§ **What is expected**
Could you write out, exactly and with no pictures, every line from the one containing "Engraving of a" through the last line of the entries?

Source data
==================================================

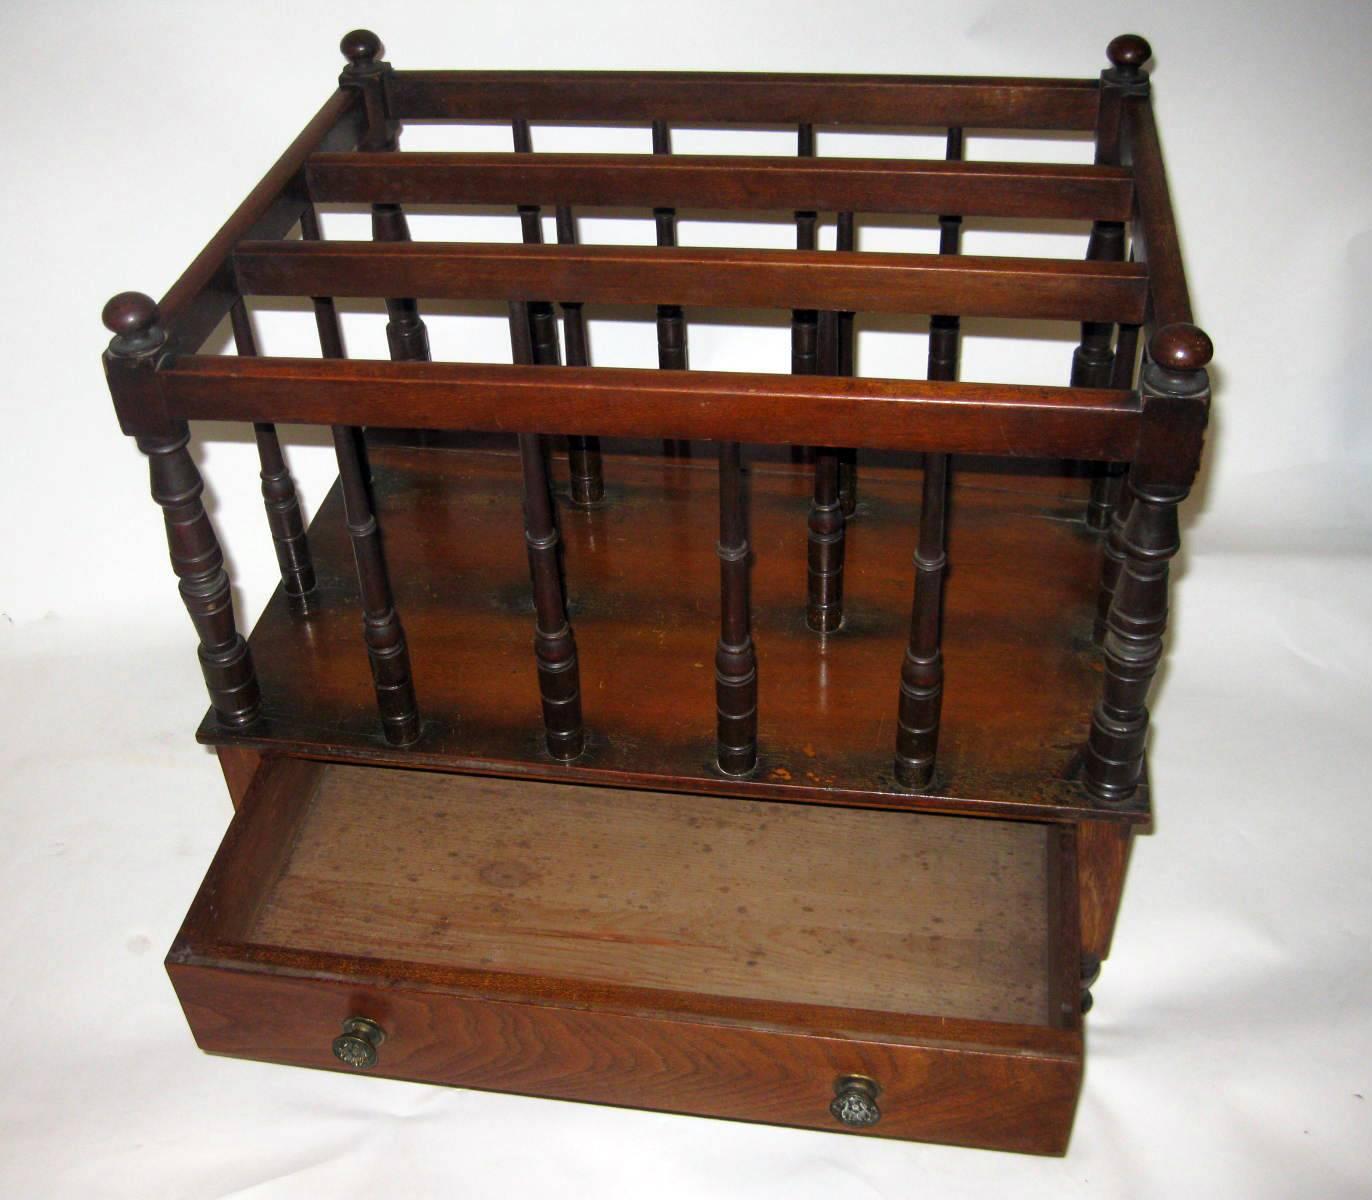 Regency period mahogany English Canterbury or magazine rack featuring turned supports, three sections and a single drawer with a secondary wood of pine on the bottom of the drawer. The fancy brass drawer pulls are original as are the brass casters
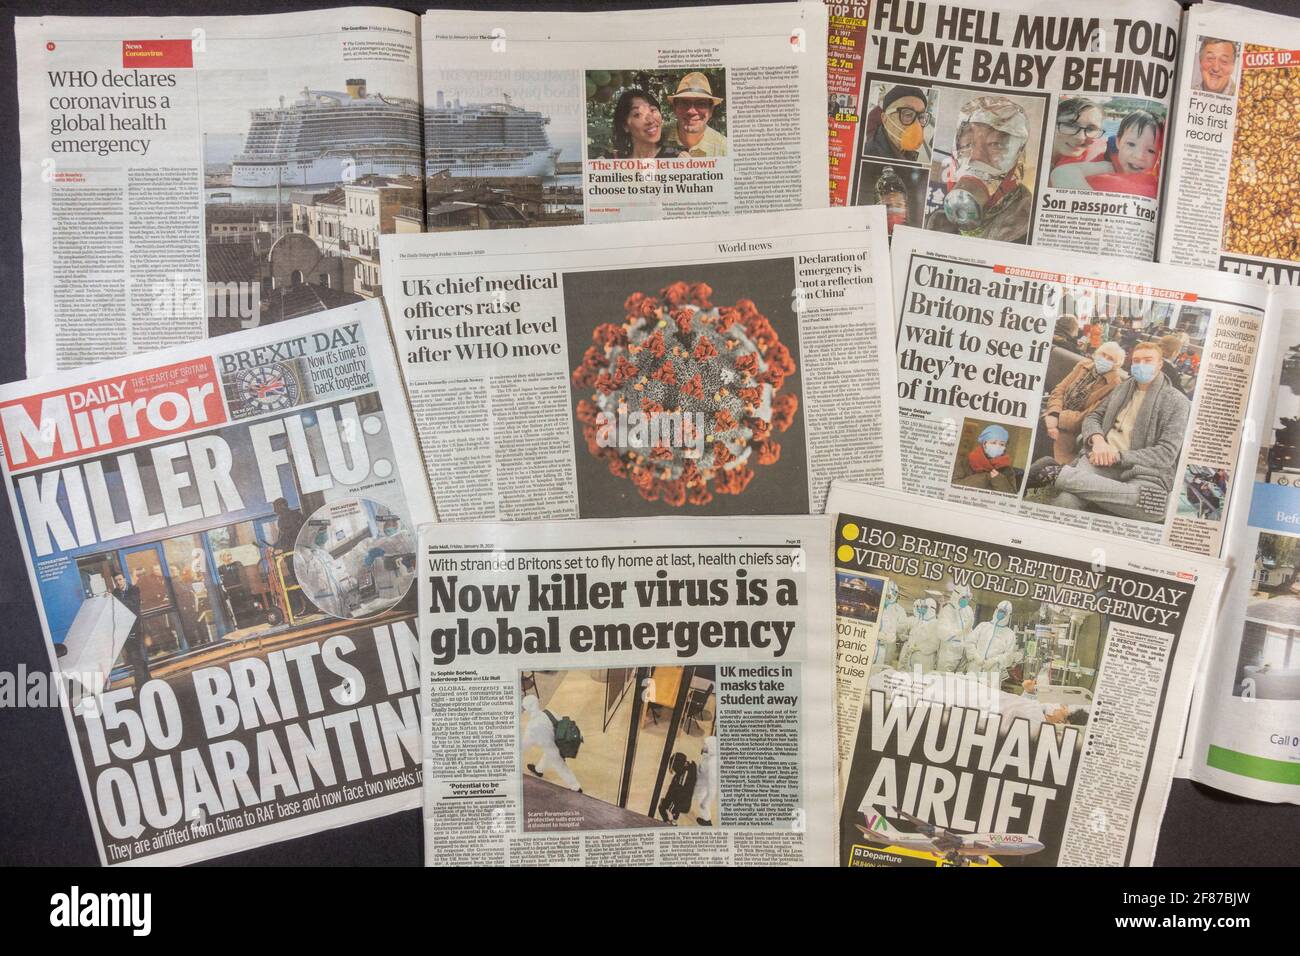 Collage of UK newspaper articles about COVID-19/coronavirus before the reality really hit the UK (papers from 31st January 2020). Stock Photo
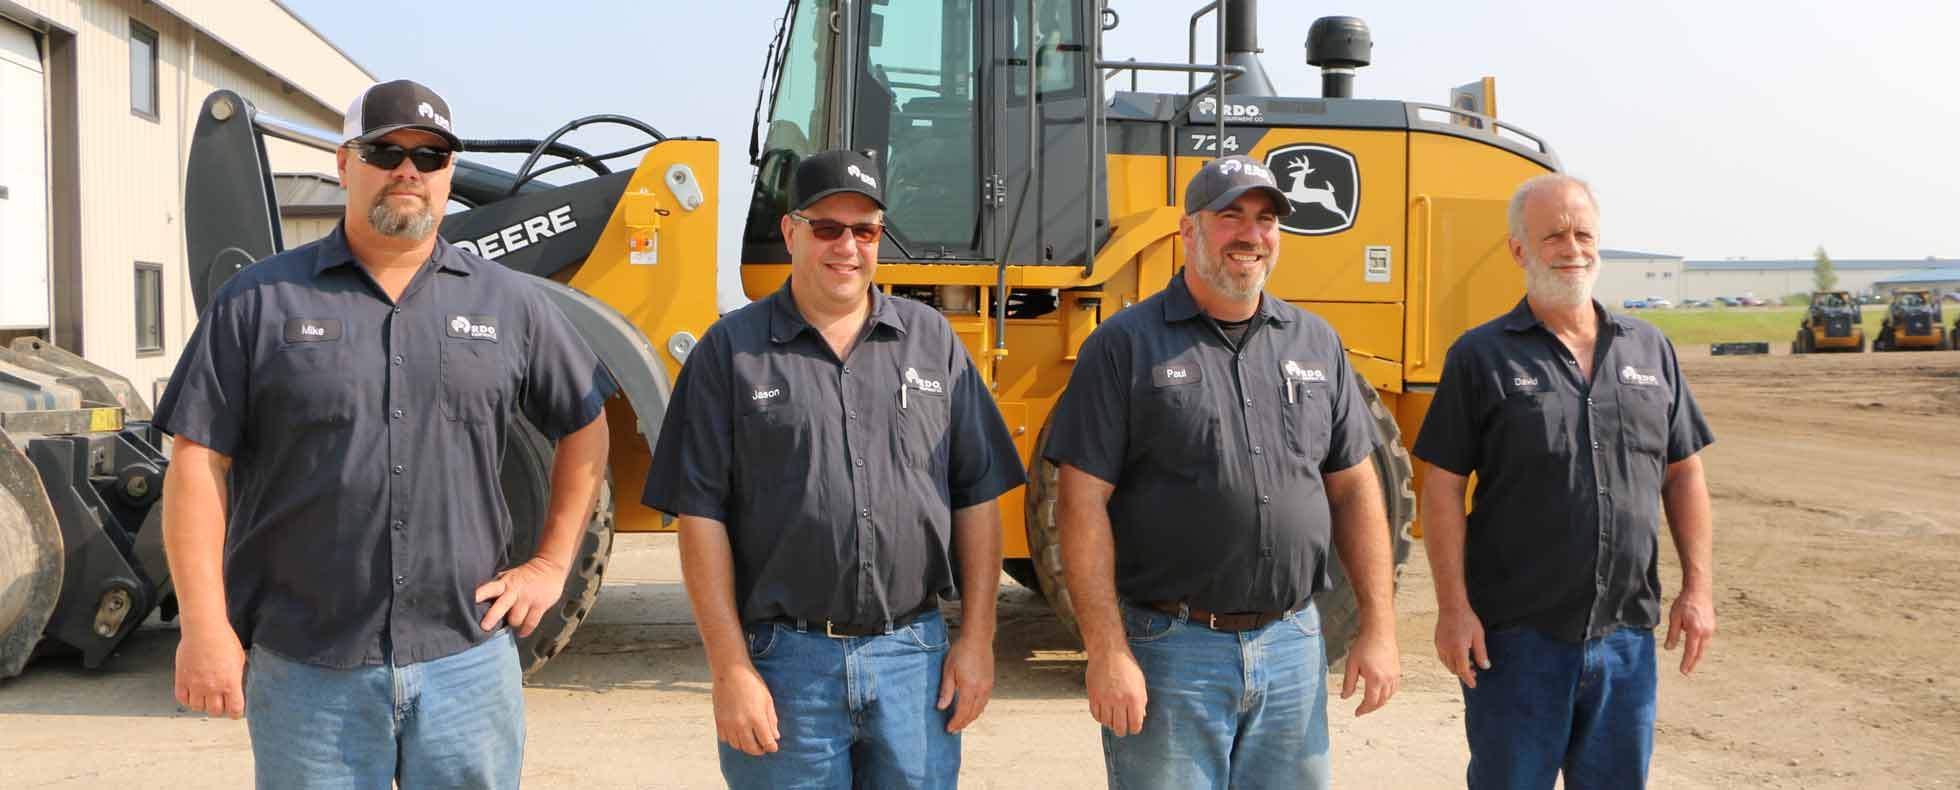 4 Longtime Service Technicians Share Lessons to Inspire the Equipment Industry Workforce
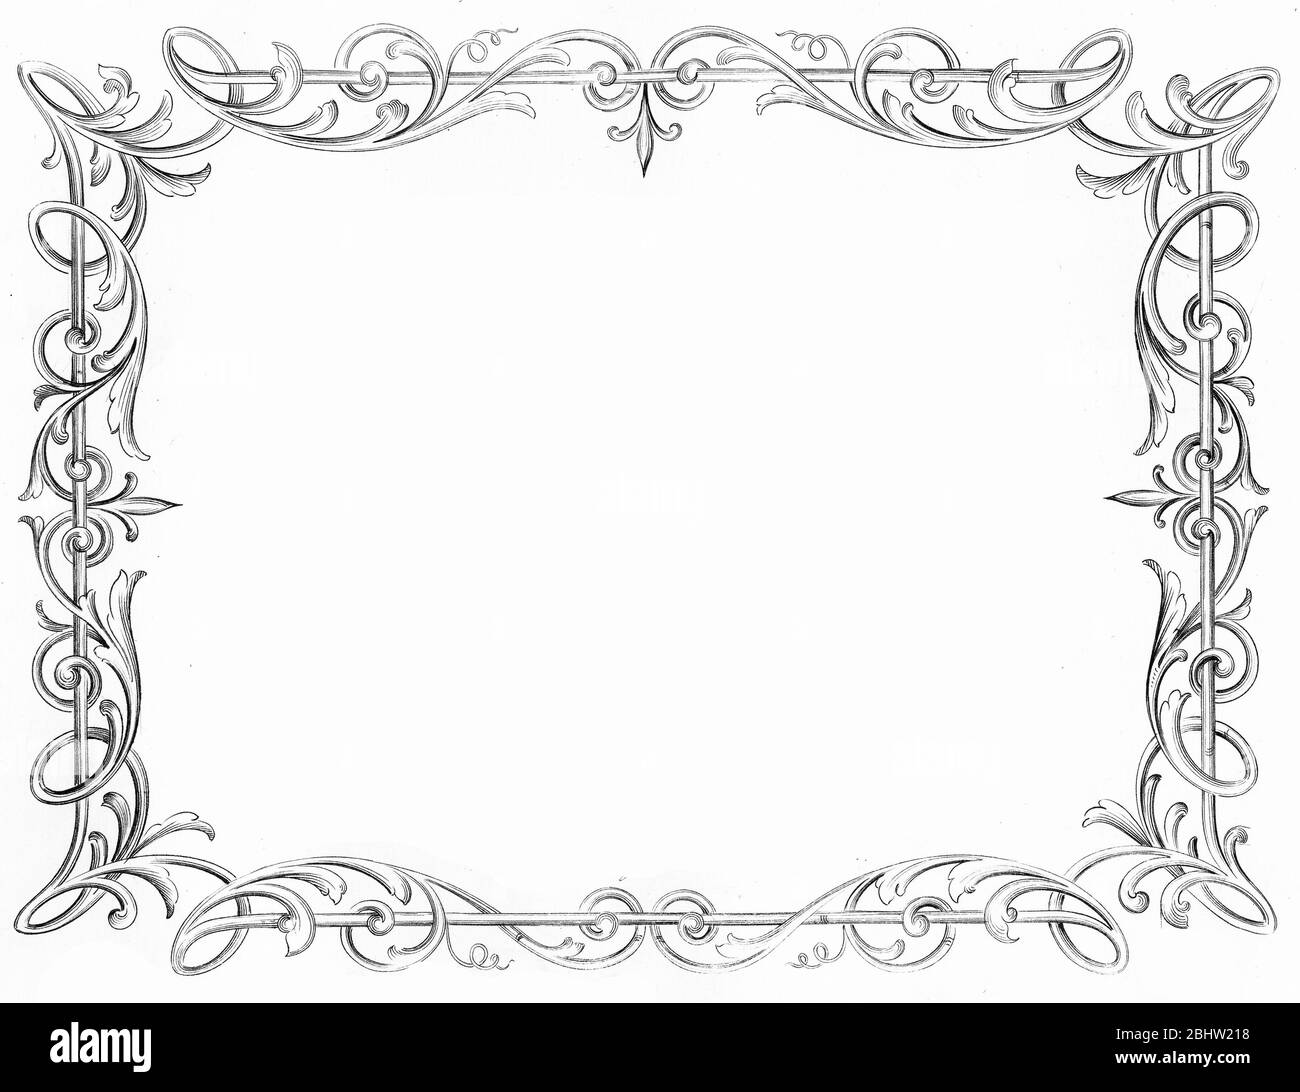 Engraving of a decorative border from the Victoria era Stock Photo
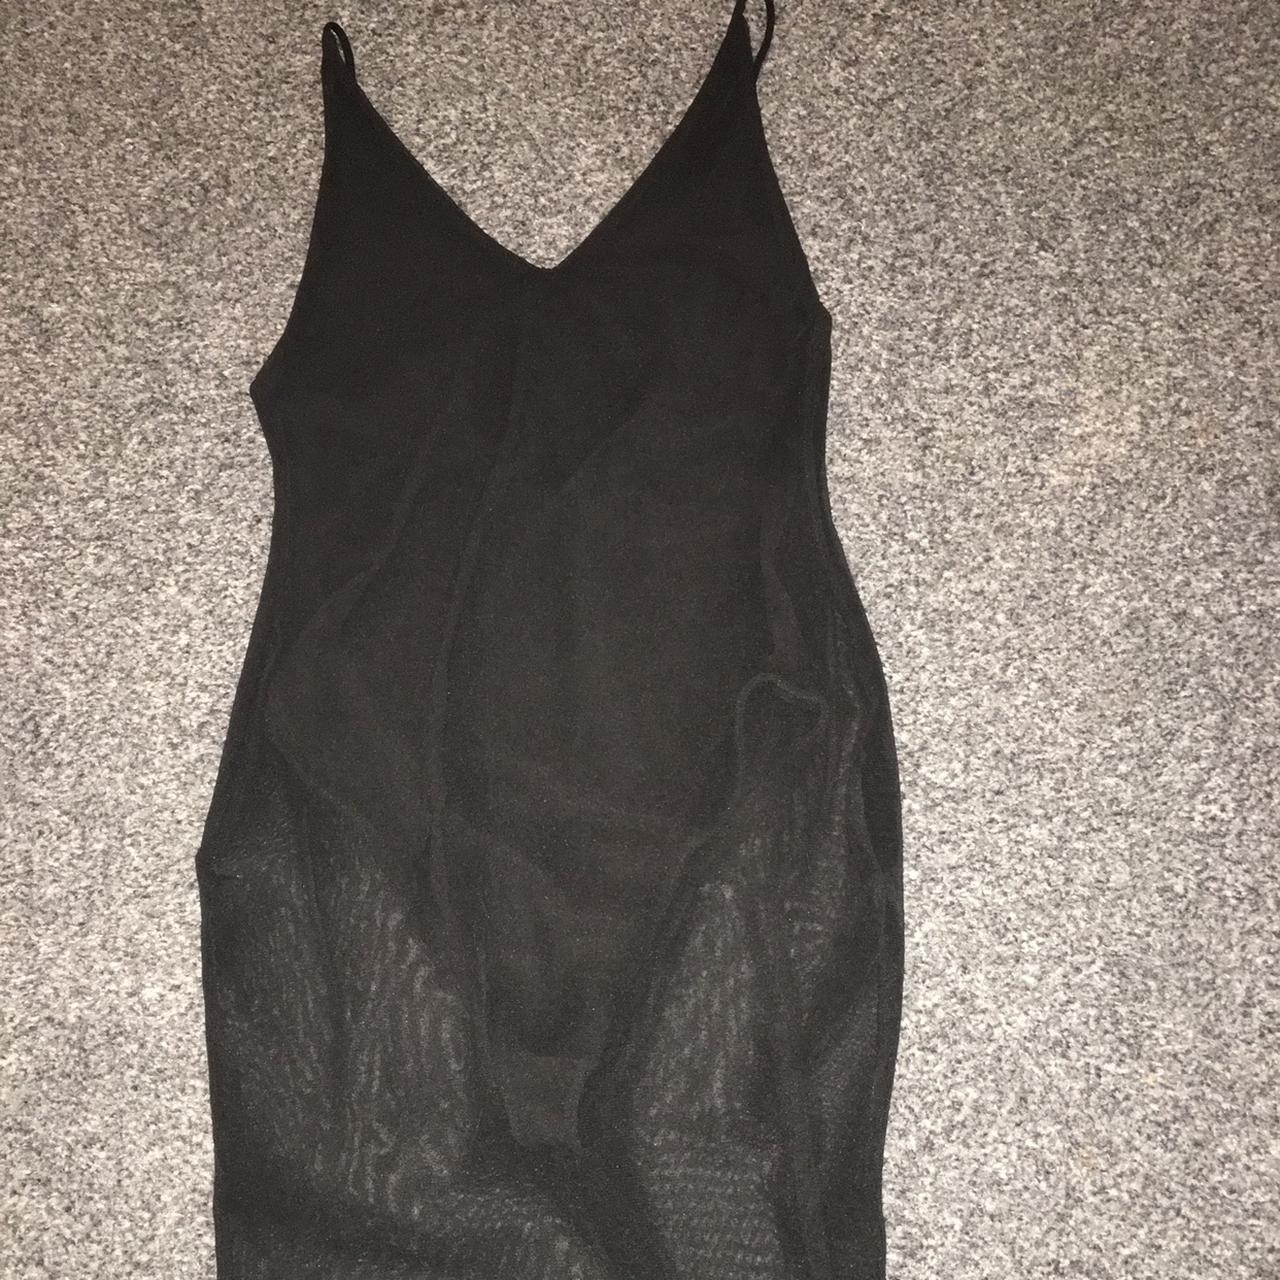 See through bottom dress. Only worn once. - Depop

==================================================

§ **Response**
 Engraving of a decorative border from the Victoria era Stock Photo
 See through bottom dress. Only worn once. - Depop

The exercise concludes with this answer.